5. Etika moral berlandaskan Moksha.
Sorga adalah alam tempat menikmati sukacita bagi arwah yang pada masa
hidupnya banyak melakukan kebaikan, dan pemeluk agama Hindu percaya
akan adanya sorga, maka manusia menjalani kewajiban yoga sebagai
landasan etika. Moksha dipercaya sebagai tempat yang lebih tinggi
dibandingkan sorga. Moksa adalah proses menyatukan Atma dengan
Brahman (Tuhan). Hal ini bisa dicapai untuk orang yang berhasil
melepaskan diri dari keterikatan duniawi, dengan berbuat baik dan
menikmati “Sat cit ananda” atau “Suka tan pawali dukha”, yang artinya suka
yang tak akan pernah kembali menemukan duka, atau bisa disebut mencapai
kebahagiaan abadi. Dengan adanya etika atau sila semakin menghantarkan
manusia untuk dekat dengan sorga dan moksa, keyakinan ini bisa menjadi
dorongan orang untuk beretika, dan lebih semangat untuk menegakkan sila
semasa hidupnya.
7
4. Moksa, yang artinya terbebasnya jiwa (atman) dari ikatan duniawi atau
samsara (kelahiran kembali).
Hindu Dharma menyadari bahwa ada tujuh faktor yang membuat manusia
menyimpang dari ajaran dharma yang mengarahkan untuk berbuat dosa, yaitu
tresna (penderitaan), krodha (kemarahan), lobha (ketamakan), moha
(keterikatan), mada (rasa bangga), matsarya (kecemburuan), dan ahankara
(egoisme). Untuk terhindar dari penyimpangan, maka di dalam filsafat Hindu
terdapat 10 kebajikan yang dikenal dengan “Dharma Laksana” yang ada pada
kitab Manu Smrti, yaitu:
1. Akrodha (tidak marah), jika seseorang tidak bisa membedakan mana yang
benar dan mana yang salah, maka bisa dikatakan bahwa orang tersebut
kehilangan identitas diri. Seseorang yang marah bisa menyakiti diri sendiri
dan orang lain, baik secara fisik, verbal, maupun mental. Jika bisa
mengendalikan kemarahan dalam diri, maka bisa diartikan sebagai sebuah
pemikiran yang baik dalam diri.
2. Asetya (tidak mencuri), secara umum mencuri dapat diartikan sebagai
mengambil dengan paksa hak/benda milik orang lain. Dalam etika Hindu,
mencuri juga termasuk ingin menguasai barang/benda orang lain dan di atas
kebutuhan legistimasi yang bisa menghambat kemajuan orang lain, atau
mengambil kesempatan mereka dengan memiliki sesuatu melalui cara
ilegal. Seseorang yang memegang teguh asetya akan terbebas dari
ketamakan dan tidak akan memiliki keinginan untuk mencuri.
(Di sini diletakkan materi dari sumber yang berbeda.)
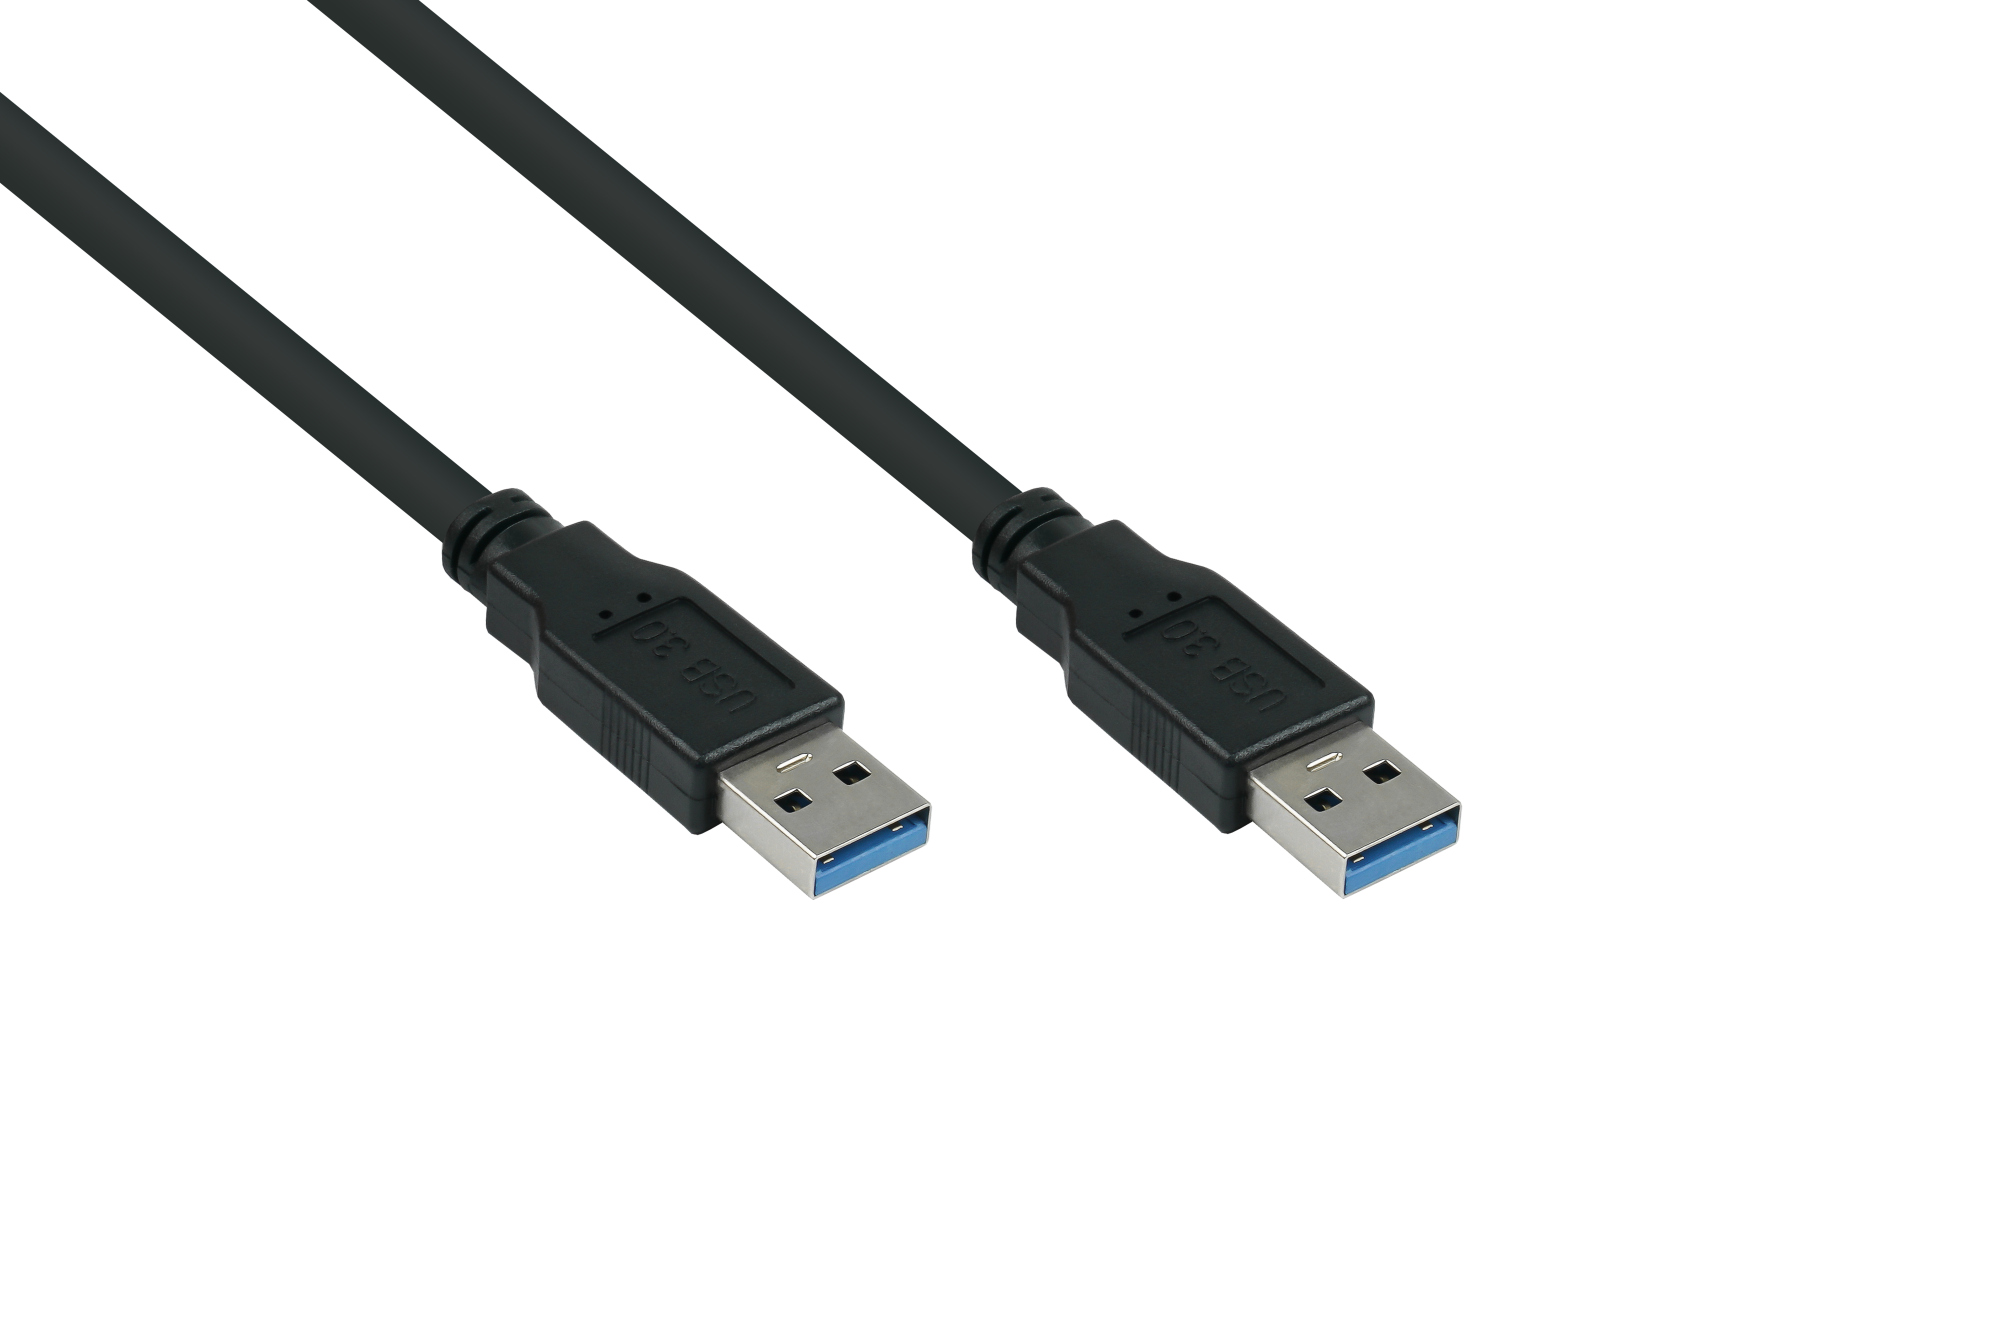 USB 3.0 Kabel Stecker A an Stecker A, Premium, AWG28 / AWG24, UL, KUPFER, schwarz, 5m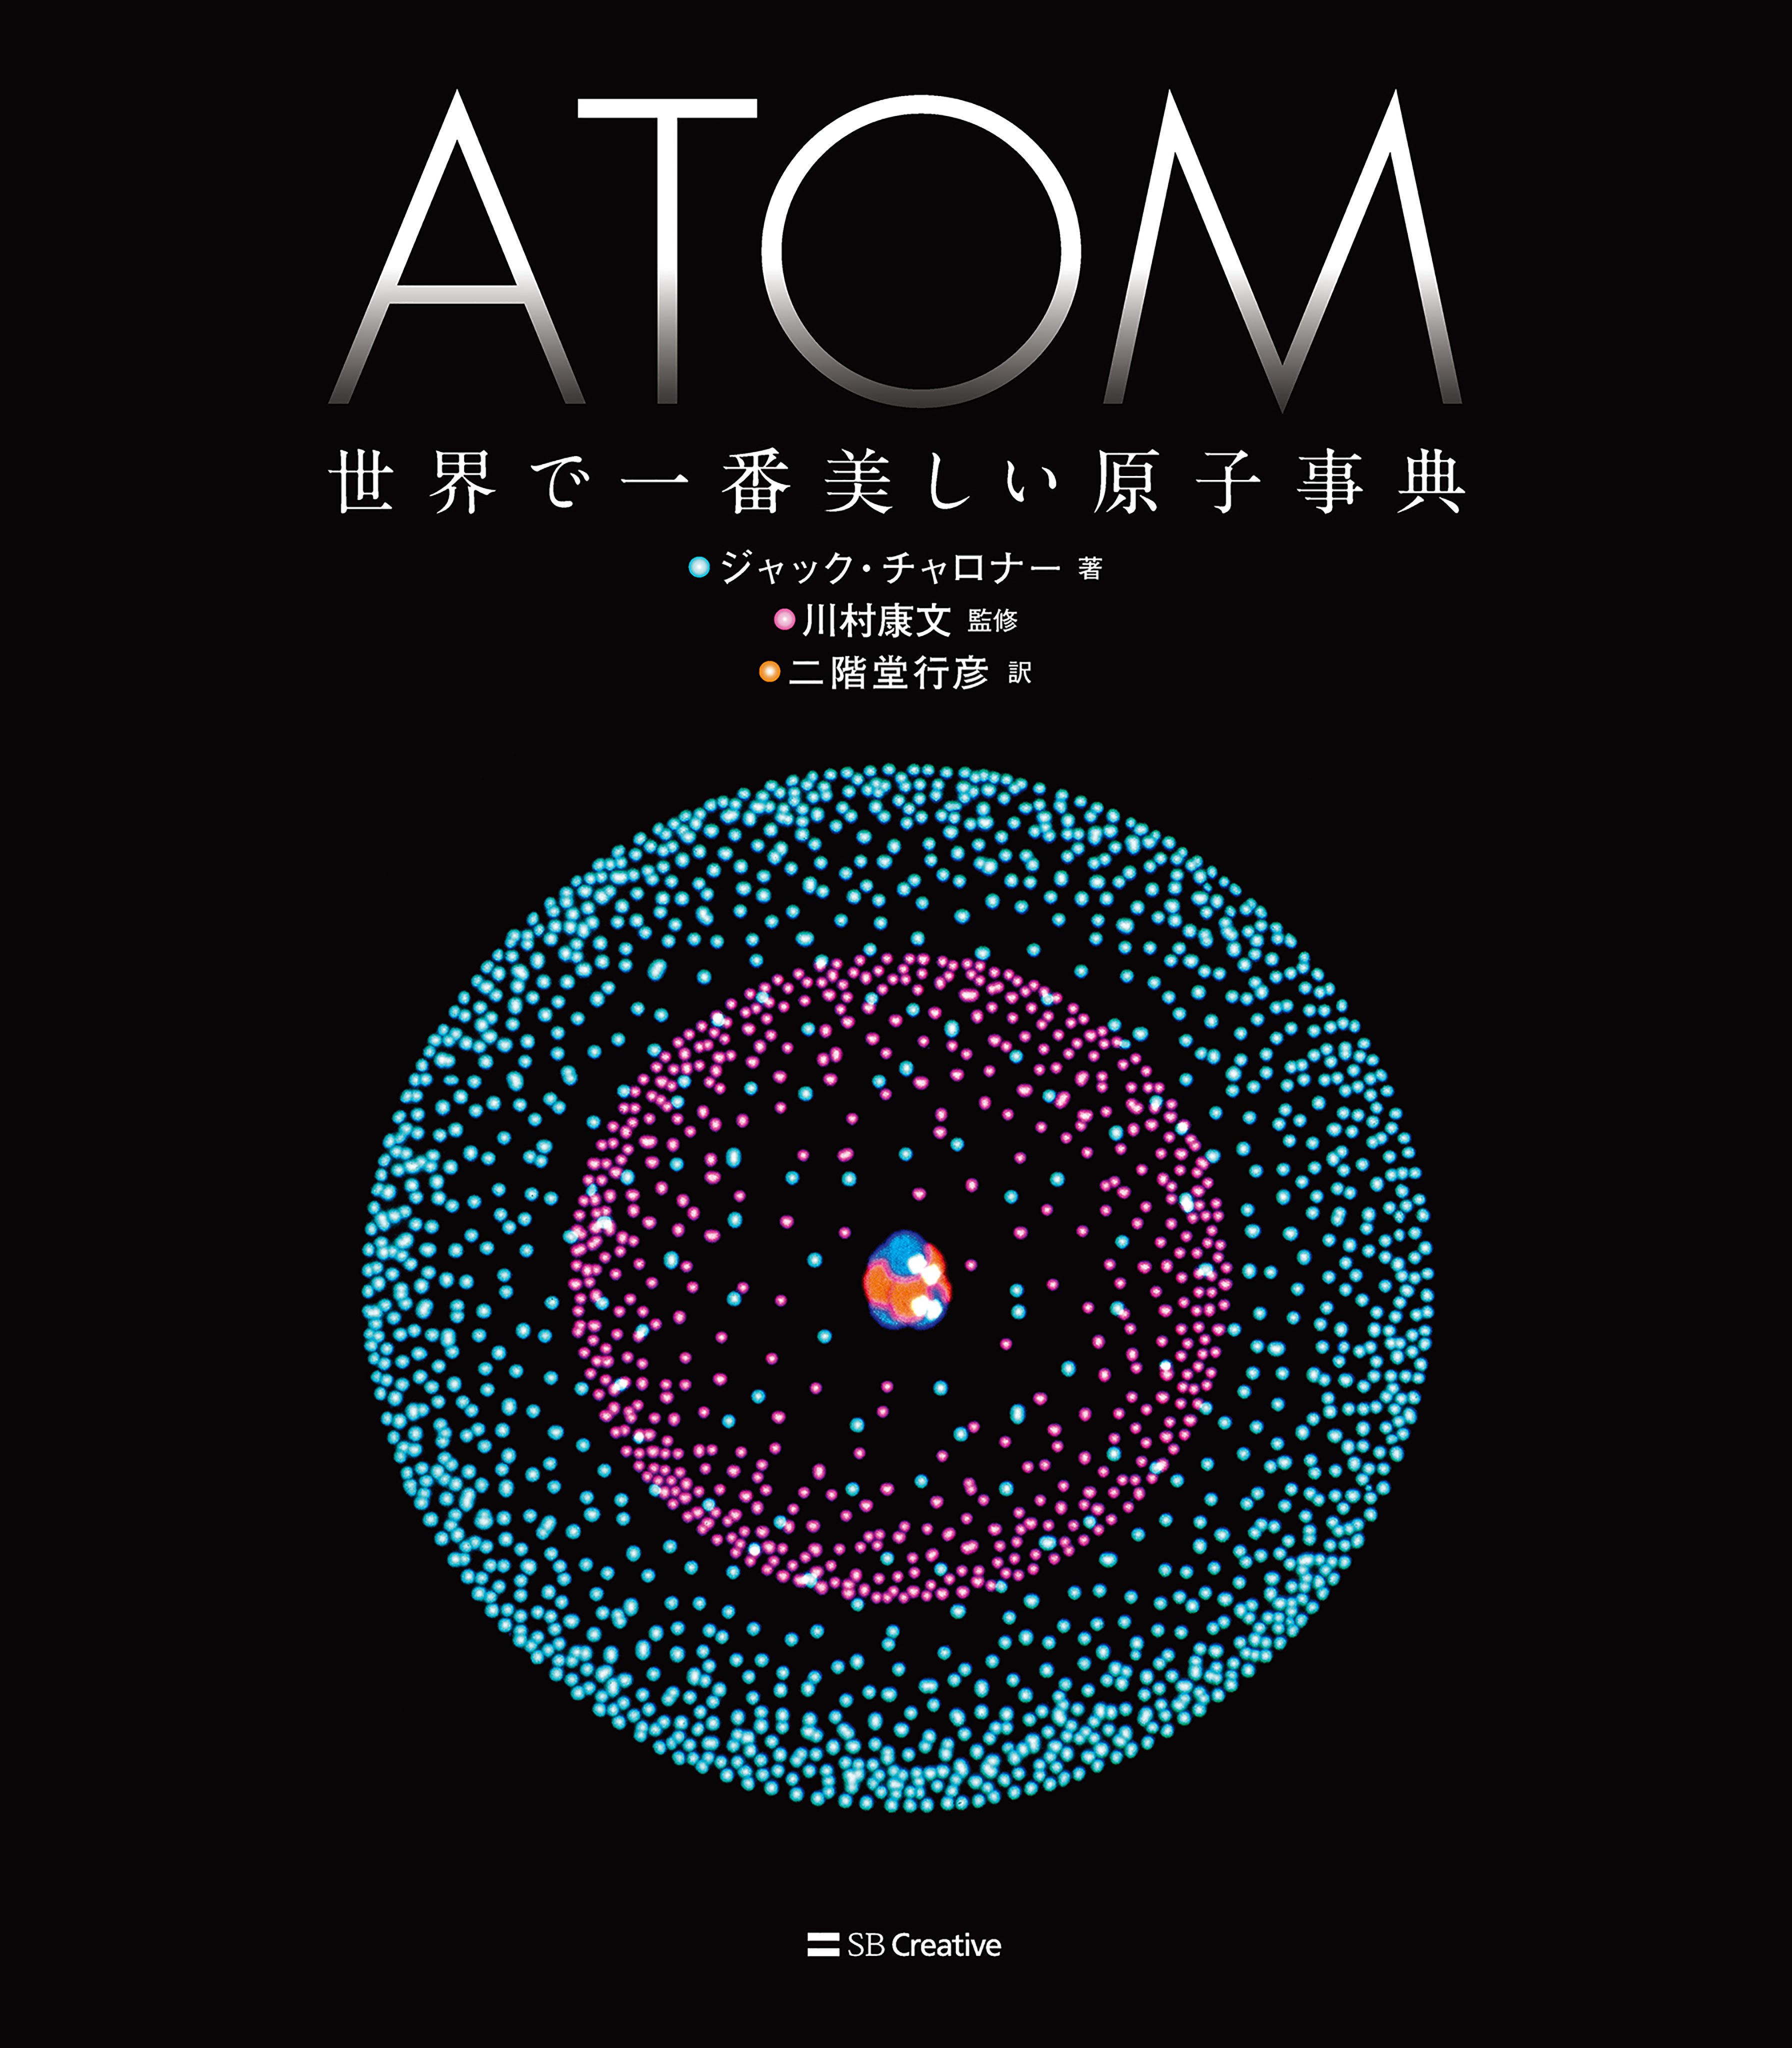 ATOM 世界で一番美しい原子事典 - ジャック・チャロナー/川村康文

3. Atma Vinigraha (pengendalian pikiran), orang yang pikirannya
terganggu tidak akan bisa membedakan mana yang benar dan salah. Dalam
memberikan kebijaksanaan dan kasih yang mendalam memerlukan
konsentrasi untuk meningkatkan kekuatan pikiran.
4. Dama (pengendalian diri atau pengendalian indera), pengendalian diri
bukan berarti penolakan diri, tetapi bersikap sederhana dalam memuaskan
kebutuhan hidup. Dama adalah pengendalian diri mengenai berbicara lepas
kendali, tidak bergosip, tidak minum berlebihan, dan menjaga tubuh serta
pikiran supaya terkendali. Sedikitnya diskriminasi antara apa yang harus
8
dilakukan dan yang tidak harus dilakukan akan mengarahkan seseorang
pada angan-angan yang menyebabkan khayalan. Kegiatan berkhayal
menjadi tidak sehat karena tidak dapat menyadari tujuan hidup seseorang.
5. Dhi (kemurnian pikiran), seseorang yang memiliki kemurnian pikiran
akan bebas dari temperamen yang tidak baik, rasa sakit, perasaan yang
buruk dan keinginan yang tidak dapat terduga. Kemurnian pikiran dan
intelek adalah hal yang lebih penting daripada kecerdasan.
6. Dhrti (ketetapan dan persistence), seseorang harus bisa menetapkan
pendirian untuk bisa menemukan kebenaran. Hidup yang benar sangat
memungkinkan dengan komitmen seseorang untuk menjalankan
kehidupannya.
7. Ksama (pengampunan atau kesabaran), kebaikan yang utama dalam
moral dan etika hidup adalah pengampunan. Pengampunan bisa membantu
kita untuk mempertahankan kesucian pikiran bahkan jika dalam situasi yang
bersifat provokatif.
8. Satya (kebenaran), untuk menjalani kehidupan yang bermoral dan
beretika, maka seseorang harus melaksanakan kebenaran. Konsep moralitas
bisa saja berubah seiring berjalannya waktu, tetapi kebenaran tidak akan
pernah berubah.
9. Sauca (kemurnian tubuh dan pikiran), terdapat dua jenis kemurnian,
yaitu kemurnian mental dan kemurnian fisik. Kemurnian mental yaitu bebas
dari pemikiran yang negatif, ketamakan, kebencian, kemarahan,
kecemburuan, dll. Kemurnian fisik yaitu menjaga tubuh untuk tetap bersih
dari luar maupun dalam, seperti memakan makanan yang sehat dan bergizi
serta menggunakan pakaian yang bersih dan menjaga kebersihan tubuh.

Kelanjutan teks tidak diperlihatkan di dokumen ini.